I'm not talking about interacting in a group like you would at a cocktail party or in the bedroom with your lover or in confession. To my way of thingking the nature of your participation and in many cases the nature of your experience isn't about YOU! Its about the GROUP and your role as a MEMBER! These are 2 very different functional roles
Those of you who have become accustomed to my role as the "Cassandra of Affect" may be wondering what affect to attach to what I'm saying.

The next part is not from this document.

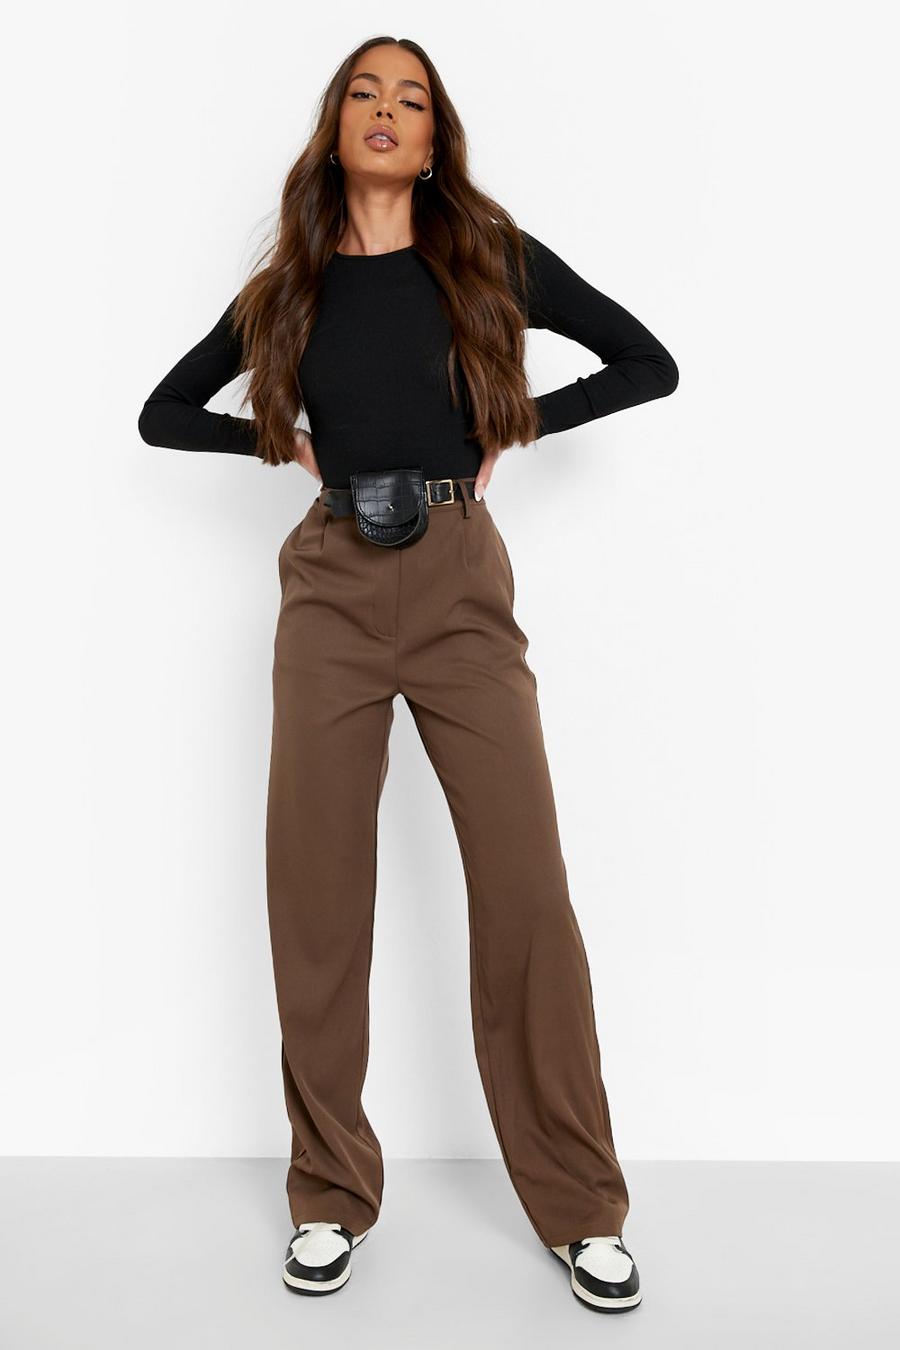 Tan brown Belt Bag Woven Casual Trouser

Gurus are implacable? Gurus aren't swayed by the same forces that govern the rest of mundane human behaviour? Like responding to provocation and getting pissed off? Gurus maintain a blank screen posture? Gurus sit on the boundary - apart from the fray of the interior - and make mysterious, relatively detached (low-affect) pronouncements?
I'm more interested in what operates in this group to both draw gurus in (they are drawn in here, for some reason) and how the group functions to dismantle them, and why the group does this. Yes, it's something about authority and power and a whole lot of ambivalence
While I'm at it, let me make a brief point about the "guru" label. That term just happens to be handy and useful when referring to the cohort of behaviors associated in our minds with the concept of maintaining control. Control over self. While I would argue that I don't really aspire to be a guru for the group; I would quickly add that I do aspire to be in control of myself and my feelings so that I assist rather than resist discussion here. In that context, call me guru.